A	83.5 ± 7.1	43.9 ± 3.0	19.3 ± 0.5	86.4 ± 7.5	45.8 ± 3.7	19.2 ± 0.9
B	83.2 ± 7.7	44.0 ± 2.6	19.2 ± 0.4	86.6 ± 6.5	45.3 ± 3.2	19.2 ± 0.7
C	81.5 ± 3.4	45.8 ± 5.6	19.3 ± 1.1	80.1 ± 8.0	45.1 ± 3.1	18.3 ± 1.2

Values are means ± SD; Po₂, mm Hg; Pco₂, mm Hg; Hb (hemoglobin), g/dl. There were no statistical differences between any of the groups before and after injection by ANOVA at p = 0.05.

TABLE 2. Arterial blood pressures

Group	Baseline	15	30	45	60	75	90
		Time intervals during experiment (min)

A	80.0 ± 6.0	82.9 ± 7.3	82.2 ± 8.6	82.4 ± 6.7	81.1 ± 7.1	81.1 ± 8.3	78.9 ± 7.2
B	82.3 ± 10.1	79.8 ± 11.3	79.8 ± 10.7	81.2 ± 8.3	79.4 ± 7.8	80.5 ± 11.8	80.3 ± 14.1
C	83.2 ± 4.8	85.3 ± 10.6	84.6 ± 10.2	82.4 ± 5.8	80.8 ± 6.9	81.6 ± 10.2	81.4 ± 9.1

Values are means ± SD. There were no statistical differences between any of the groups by ANOVA at p = 0.05.

CBVF and rCBF

The calculation of median rCBF and CBVF values for the 48 locations in each animal revealed no changes in groups A and C and a transient increase of CBVF in four group B rats (30 min after occlusion, p < 0.05; Fig. 4), followed by a massive decrease in rCBF 60, 75, and 90 min after occlusion (p < 0.05; Fig. 5). Significant differences were observed between groups A and B at 60, 75, and 90 min after occlusion in rCBF (Fig. 5) and at 30 min after occlusion in CBVF (Fig. 4).

FIG. 4. Graph shows sequential changes in CBVF, expressed in arbitrary units (mean ± SD of median CBVF from 48 locations in each animal). Transient elevation of CBVF was seen 30 min after occlusion (*, p < 0.05; 30 min after occlusion). Significant difference between groups A and B is indicated by (p < 0.05; 30 min after occlusion).

FIG. 5. Graph shows sequential changes in rCBF, expressed in LD units (means ± SD of median ICBF from 48 locations in each animal). In group B, rCBF significantly decreased 60, 75, and 90 min after occlusion (*, p < 0.05). Significant differences between groups A and B are indicated by the bar (60, 75, and 90 min after occlusion, #, p < 0.05).

Cortical CBF mapping

Cortical CBF mapping proved that cortical vein occlusion in many cases is tolerated without any lasting change in rCBF, as seen in group A (Fig. 6). In group B, however, a transient hyperperfusion zone with initial hyperemia around a hypoperfused core was found in three of five animals. With growth of the thrombus, blood flow to the core diminished to 15–20% of the initial flow values (Fig. 7). This protracted flow reduction was witnessed in all five rats of group B.

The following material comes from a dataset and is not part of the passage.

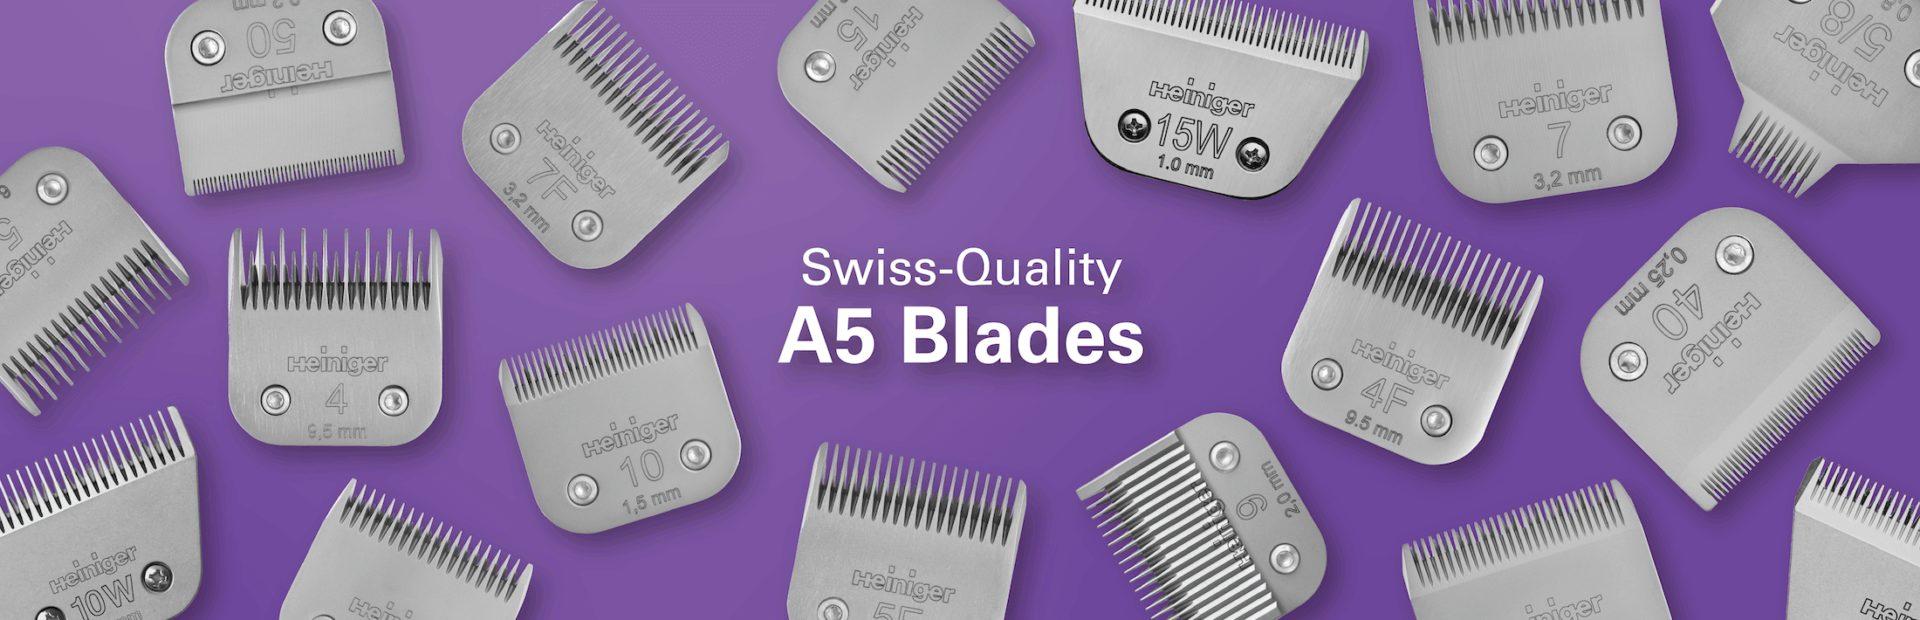 A5 Blades

FIG. 7. A: Graph shows cortical CBF mapping 30 min after thrombus induction in a typical experiment (no. 6) from group B. The growing thrombus is indicated by black dots. The mapping reveals a hyperperfusion zone around a hypoperfused core area. B: In cortical CBF mapping 90 min after thrombus induction in the same animal, data are expressed as percentages of change from individual baseline values. The thrombus has grown, and the mapping shows a massive decrease in rCBF.

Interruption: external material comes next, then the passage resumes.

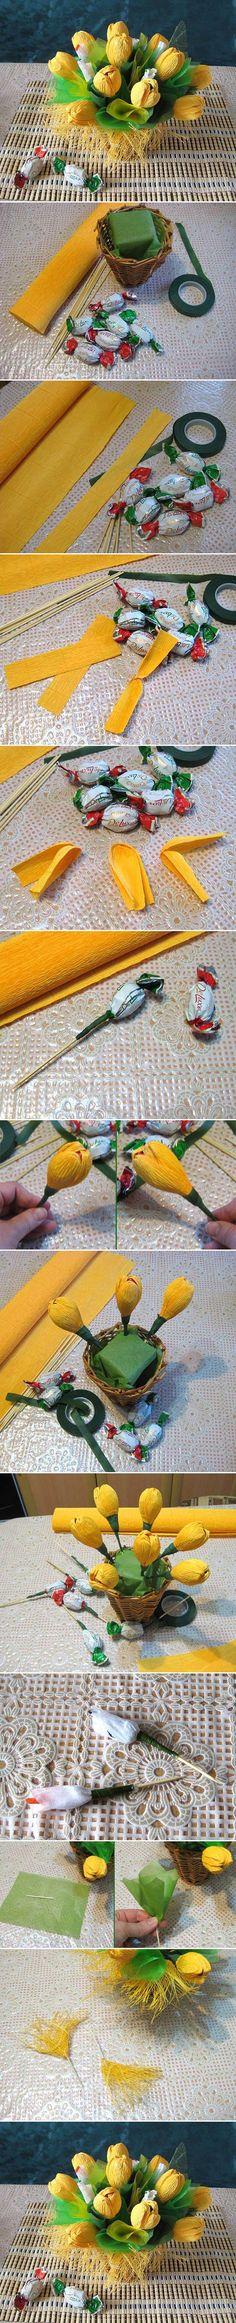 Artes com Capricho: Flores feito com papel- PAP                                                                                                                                                                                 Mais

Clinical observations and histology

After 2 days, none of the experimental animals had died or had developed any obvious focal neurological symptoms following cortical vein occlusion or sham-operation. Macroscopic and histopathological examinations demonstrated that the brains of the sham-operated control animals (group C) appeared normal. Neither hemorrhage nor Evans blue extravasation were detected. In group A, light microscopic examination showed parenchymal damage, including vasogenic edema with extravasation of Evans blue in one rat, slight edematous changes with an enlarged extracellular space and tissue pallor and no extravasation of dye in two rats, and normal histological findings in the other nine rats. In group B, all five rats had parenchymal damage, with multiple petechial hemorrhages surrounding the dilated capillaries (one rat), extensive edematous areas in the white and gray matter with extravasation of Evans blue, and disseminated small areas of infarction (all rats). Unfortunately, with the current techniques it was not possible to correlate histopathological damage topographically to the rCBF changes detected.

DISCUSSION

There have been several reports on SVT using various animal models, and each set of authors has mentioned the characteristic inconsistency of brain damage after SVT (Beck and Russell, 1946; Sato et al., 1985; Cervos-Navarro and Kannuki, 1990; Tsujimoto, 1990; Fries et al., 1992; Gotoh et al,. 1993; Takeshima et al., 1993; Ungersböck et al., 1993a; Frerichs et al., 1994). Most of the previous studies of SVT employed direct manipulations of the SSS using ligation, ballooning, coagulation, and/or injection of obstructing or thrombotic materials. We found no report of direct thrombosis induction in cortical veins except for our own previous communication (Nakase et al., 1995). A model of more distal and selective venous occlusion is needed to eliminate a factor of variability typical for the venous drainage system: that is, the sole occlusion of central veins such as sinuses or bridging veins permits venous outflow via collateral pathways.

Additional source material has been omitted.